I got down from Brisbane to Cbus Super Stadium with my brother on Saturday to watch the Rugby Championship double-header, the two-for-one tickets making a Bosley boys weekend at the Gold Coast an easy decision.
It was my first time there, and heading into the stadium we were joined by a multinational crowd dressed in green and gold, gold and green or black, and there were even a few with blue and white stripes.
Cbus is a lot smaller than Suncorp Stadium in Brisbane, and our seats were in the third row on the corner, just past one of the try lines. It gave us a cracking view of the action at our end of the park and an interesting wide rear-on view of the other end.
The Wallabies and Pumas started proceedings, with the highlight up our end of the park being the first try of Andrew Kellaway’s hat-trick, which came off a blockbuster run by Rob Valentini and an unselfish pass to Kellaway to finish.

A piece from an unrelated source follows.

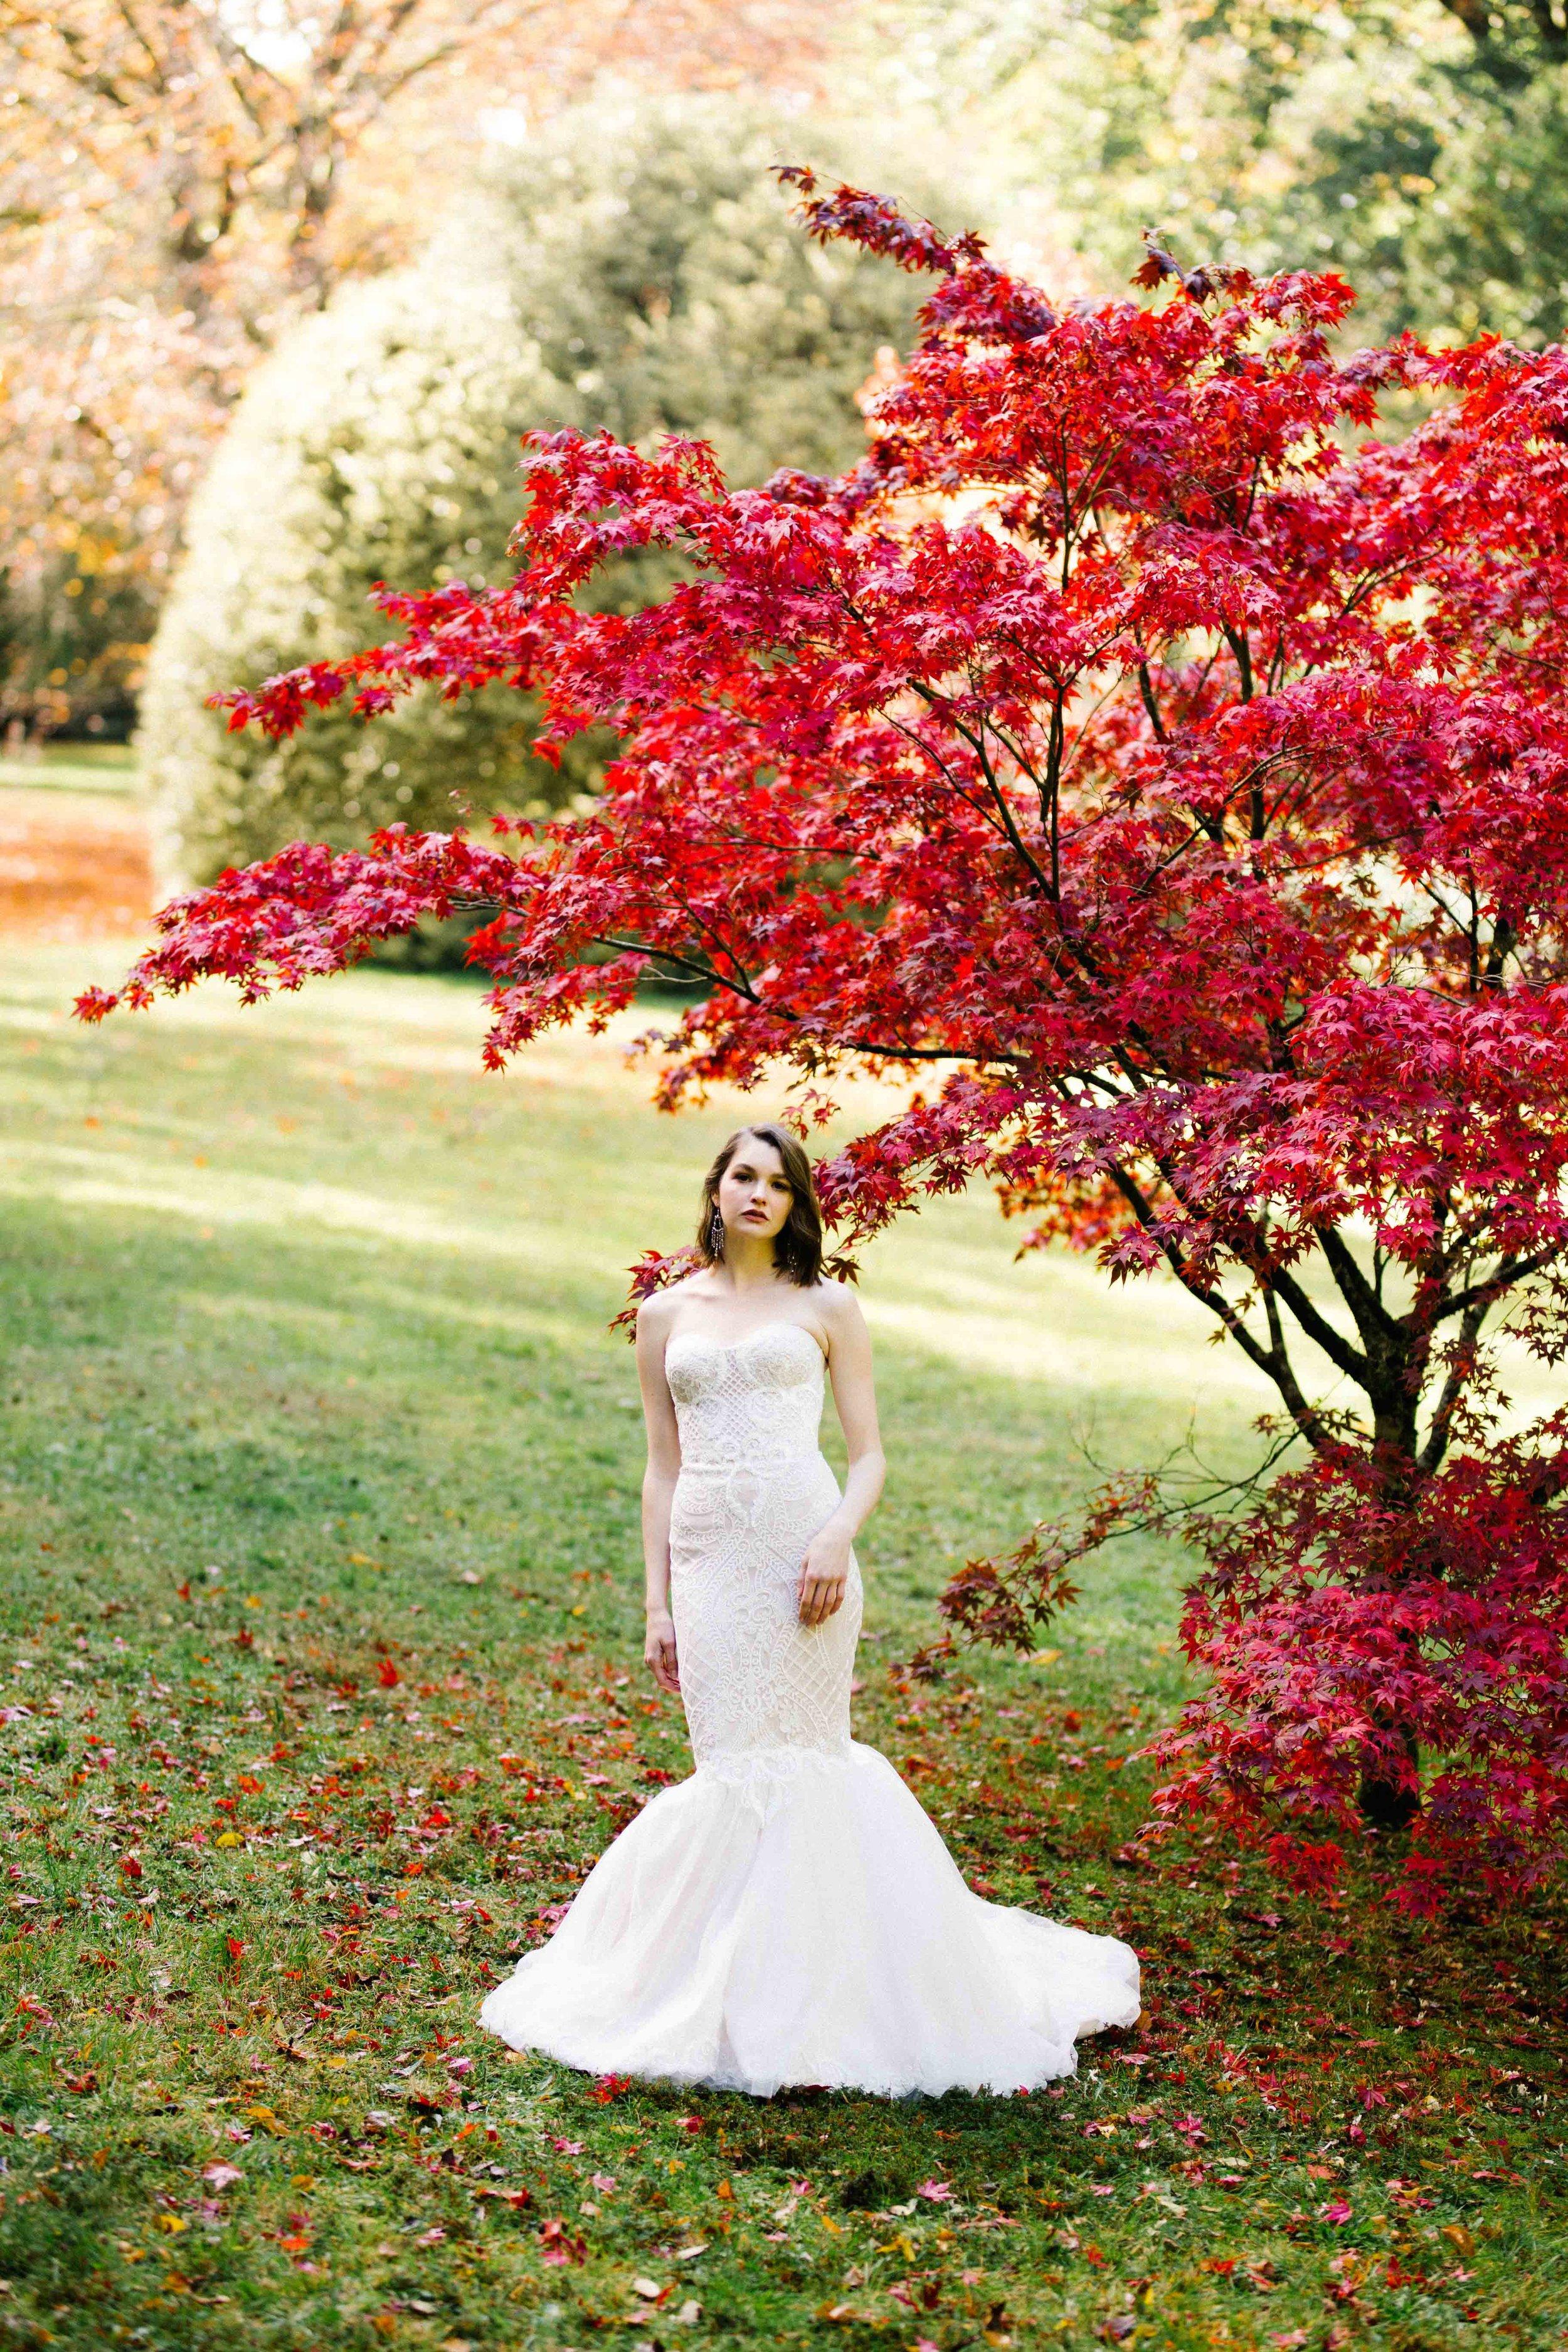 Dancing & Dessert Autumn Bride

I thought Valentini was set to shrug off the backs covering him and score himself, but his willingness to forgo personal glory for the result was commendable.

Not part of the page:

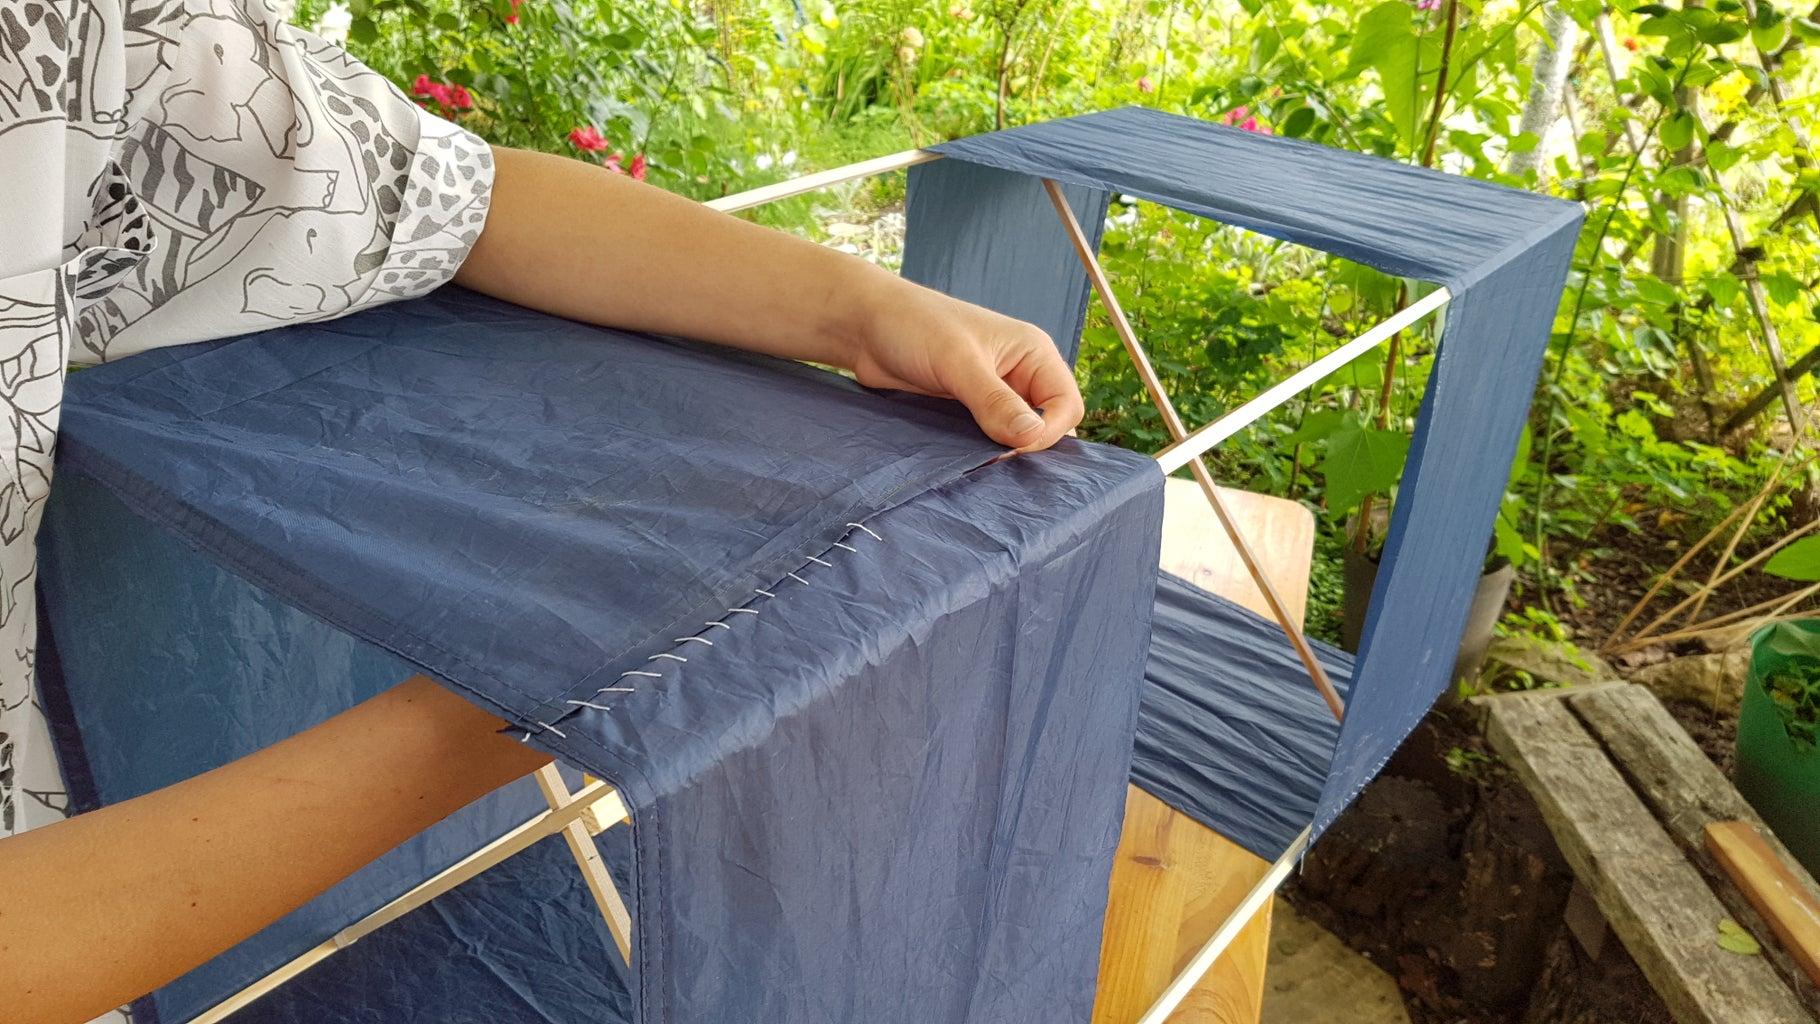 Stitch the Fabric Around the Frame

A lot of the rest of the Wallabies scoring action was at the other end of the park, with the view allowing an appreciation of how hard these Wallabies are now working off the ball in attack, providing dummy runners and ensuring that playmakers have multiple attacking options. Folau Fainga’a stood out as really involving himself in attack; it was pretty impressive to see his speed and urgency around the park for a hooker.

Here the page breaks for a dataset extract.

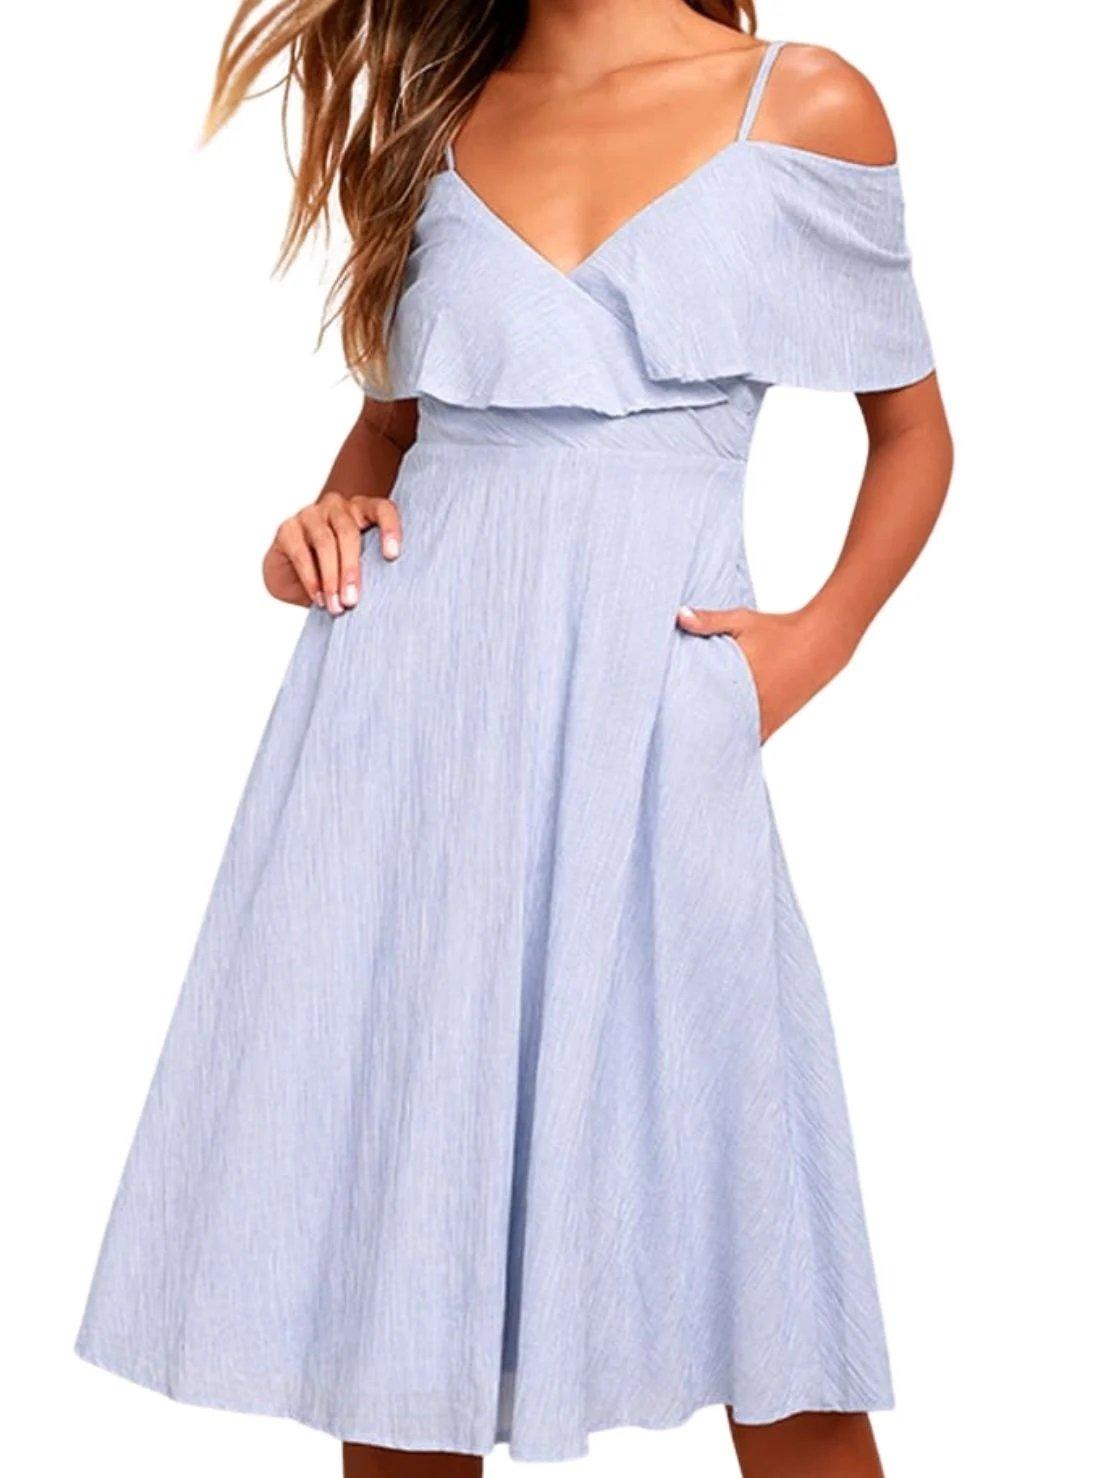 Striped Off-the-Shoulder Summer Midi Dress

Things went a bit pear-shaped for the Wallabies in the last 20, and that is for them their coaches to look at. Suffice to say by the 72 minute, with the Wallabies having an unbeatable lead but with the ever meticulous Jaco Peyper checking the grounding on an Argentinean try in front of us and the Pumas captain standing next to him looking desperate to save some face, it may have been loudly suggested that Peyper to “just give it to them and get on with it”.
In our stand we labelled that the ‘Byron Bay try’ in honour of those Pumas players who got trapped among the beautiful people in the sexiest place on earth.
The All Blacks-Springboks game an hour later was a real treat that we are unlikely to see again in Australia unless we get hosting rights to the World Cup. I was unfortunately caught in a drinks line during the anthems, but my brother commented on the deafening roar of the fans from both teams singing along. Fortunately I got back in time for the haka. The intensity and excitement were palpable.
The players lived up to expectations, with my first live impression of how much these matches mean to people in these two countries being when Duane Vermeulen turned and ran 20 metres to attempt to tackle Sevu Reece. The lightning-quick winger just made it over for a try right in front of us. I will forever have the vision of 35-year-old, 117-kilogram 193-centimetre Vermeulen galloping towards us like a cape buffalo bull in its prime burnt into my brain!
Another highlight was being right in front of Beauden Barrett, Rieko Ioane and Ardie Savea thrust through the Boks defence like a rapier to score. The move was an All Blacks masterpiece in the instinctive rugby that they do best and all the rest aspire to be able to match.
I hesitate to call Springboks titan Eben Etzebeth walking around bleeding profusely after a nasty head clash up the other end of the park a highlight. However, while he was getting treated before leaving the park I was imagining the man who never smiles unless he has just won a World Cup arguing with the Springboks medical staff: “I’m alright to finish the game, Doc. It’s just an eye”.
The game ended in dramatic fashion, with the Springboks winning the last of dozens of mighty clashes at the breakdown to set up Elton Jantjies to kick the winning penalty goal into a stand of Rainbow Nation supporters, who were belting out a rapturous rendition of ‘ole, ole’. Then hands were shaken between opposing fans along with the predictable but still amusing comments from a few Kiwis that, “At least we didn’t lose to Australia”, and we all paraded out into the night.
I doubt that there was a single dissatisfied customer, so if it is commercially possible, let’s find a way to keep this Rugby Championship double-header thing going.